1,100 expert-authored conversations across Finance and Legal domains form the core of PRBench. The dataset includes 19,356 expert-curated rubric criteria and covers 114 countries, 47 U.S. jurisdictions, and 25 professional topics. ScaleAI released this dataset, which was last updated on January 15, 2026.
Use Cases
- Benchmarking AI reasoning models based on expert-authored conversations and rubric criteria.
- Training domain-specific language models for finance and legal tasks based on the described professional topics.
- Evaluating model performance on challenging subsets like Finance-300 and Legal-250.
- Analyzing geographic and jurisdictional coverage in professional AI applications based on the 114 countries and 47 U.S. jurisdictions.
Strengths
- 1,100 expert-authored conversations provide a substantial foundation for analysis.
- 19,356 expert-curated rubric criteria offer detailed evaluation targets.
- Coverage spans 114 countries, 47 U.S. jurisdictions, and 25 professional topics, suggesting broad applicability.

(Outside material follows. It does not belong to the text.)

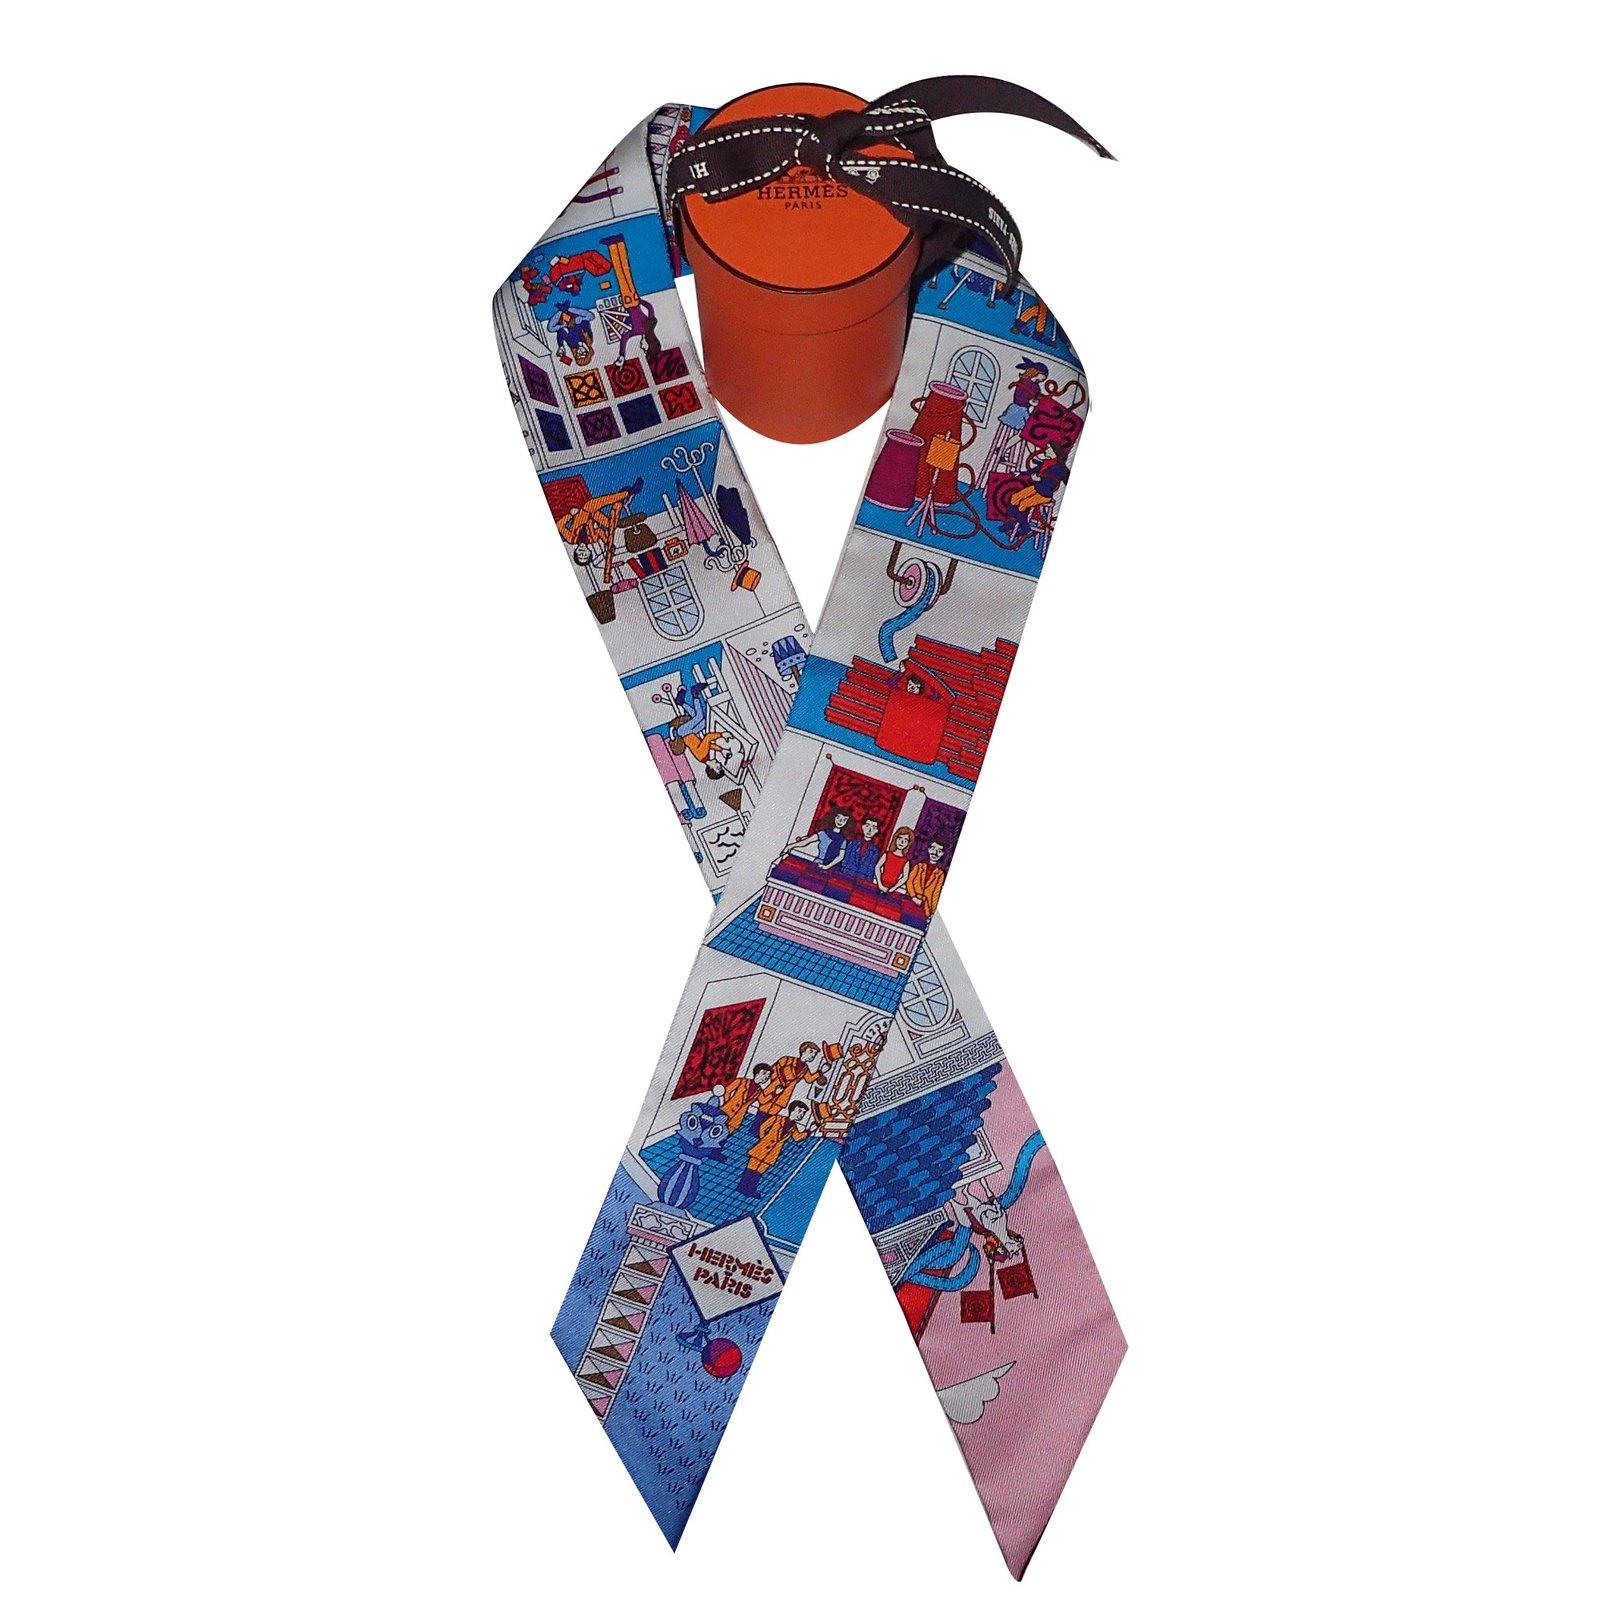 photos officielles profiter du prix le plus bas haut de gamme véritable official store hermes twilly scarf ab13f 7c143

- Includes hard subsets (Finance-300, Legal-250) representing the most challenging tasks.
Limitations
- Column-level documentation is absent; field semantics must be inferred after download.
- Row count is unknown, which may limit suitability assessment.
Provenance
- Source
- ScaleAI
- Collection Method
- Expert-authored conversations and expert-curated rubric criteria.
- Time Range
- null
- Freshness
- Last updated 2026-01-15 18:38:00; freshness should be verified.
- Geography
- Covers 114 countries and 47 U.S. jurisdictions.